New Issue: HSBC sells $2 million knock-out buffer notes on Petrobras via JPMorgan

By Marisa Wong

Madison, Wis., Oct. 28 - HSBC USA Inc. priced $2 million of 0% knock-out buffer notes due May 2, 2012 linked to the American Depositary Shares of Petroleo Brasileiro SA - Petrobras, according to a 424B2 filing with the Securities and Exchange Commission.

A knock-out event occurs if the price of Petrobras stock falls by more than 30% on any day during the life of the notes.

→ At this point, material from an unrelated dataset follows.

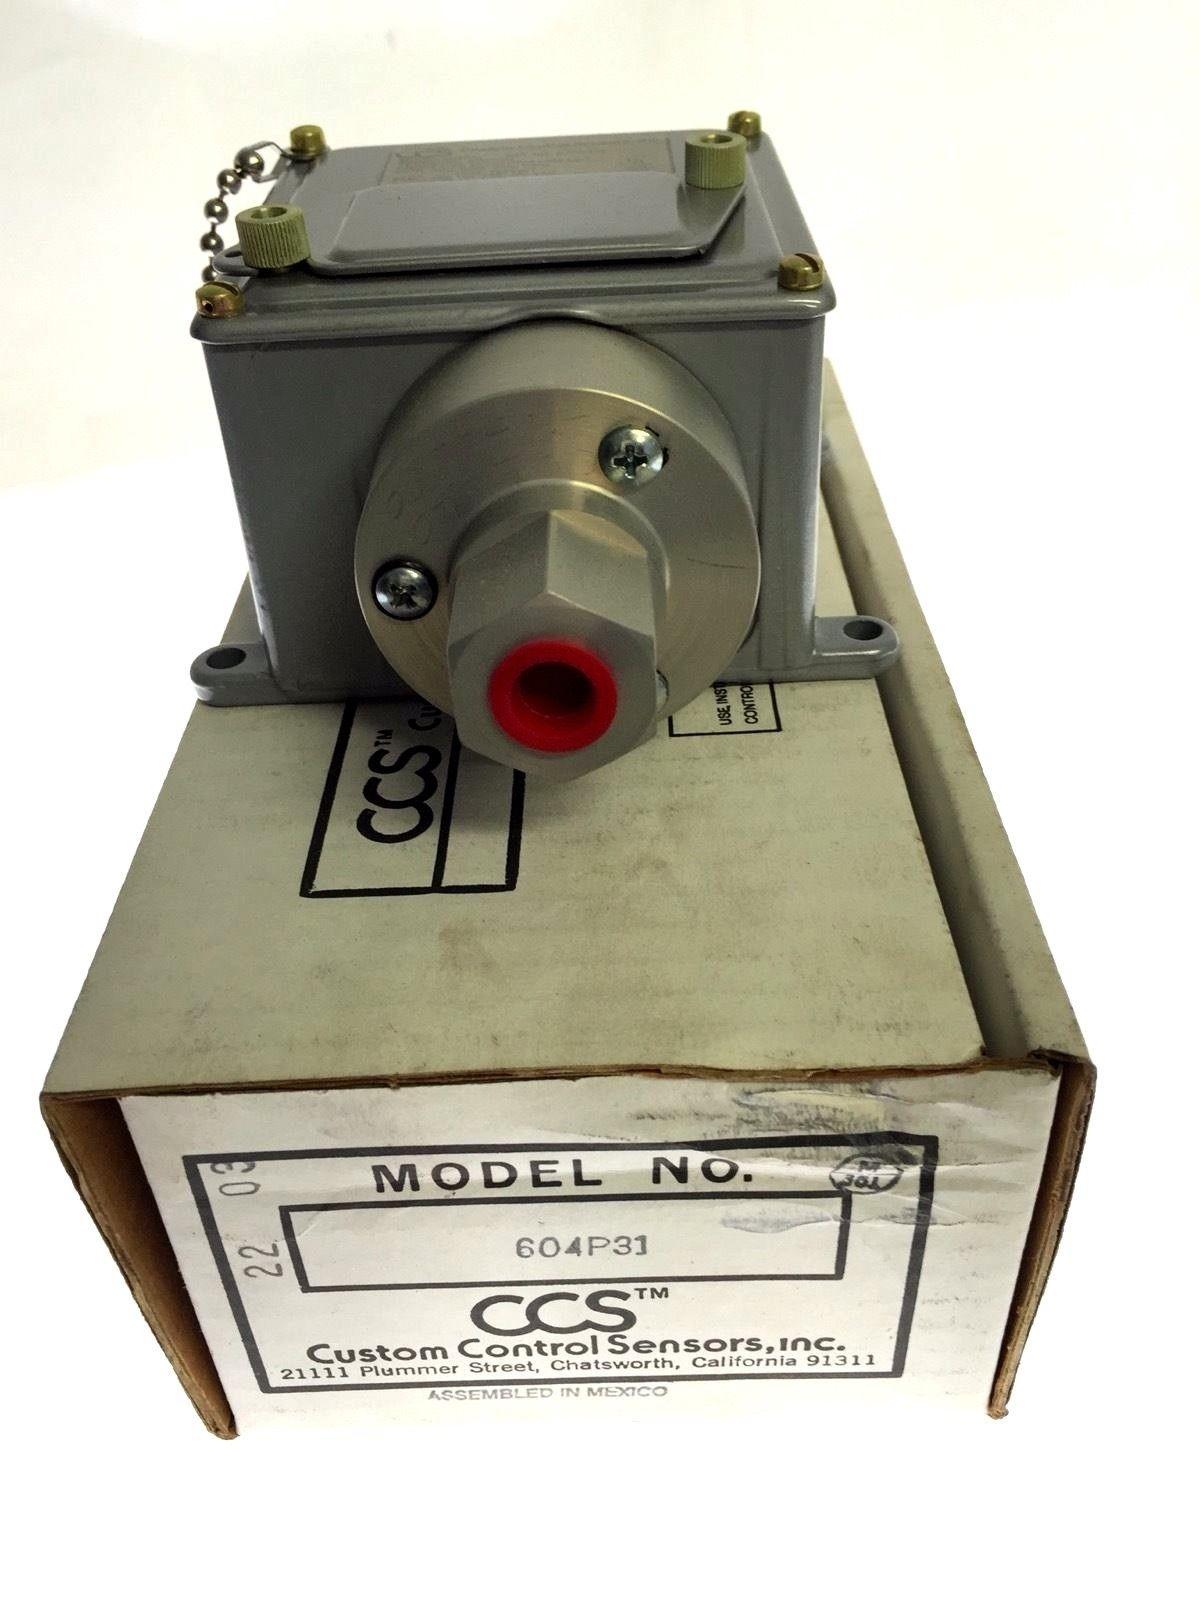 CUSTOM CONTROL SENSORS 604P31 2000/4700 PSIG 15A PRESSURE SWITCH NEW IN BOX H89 1

If a knock-out event occurs, the payout at maturity will be par plus the share return. Investors will be exposed to any losses.

If a knock-out event does not occur, the payout will be par plus the share return, subject to a contingent minimum return of 8%.

In either case, the payout is subject to a maximum return of 50%.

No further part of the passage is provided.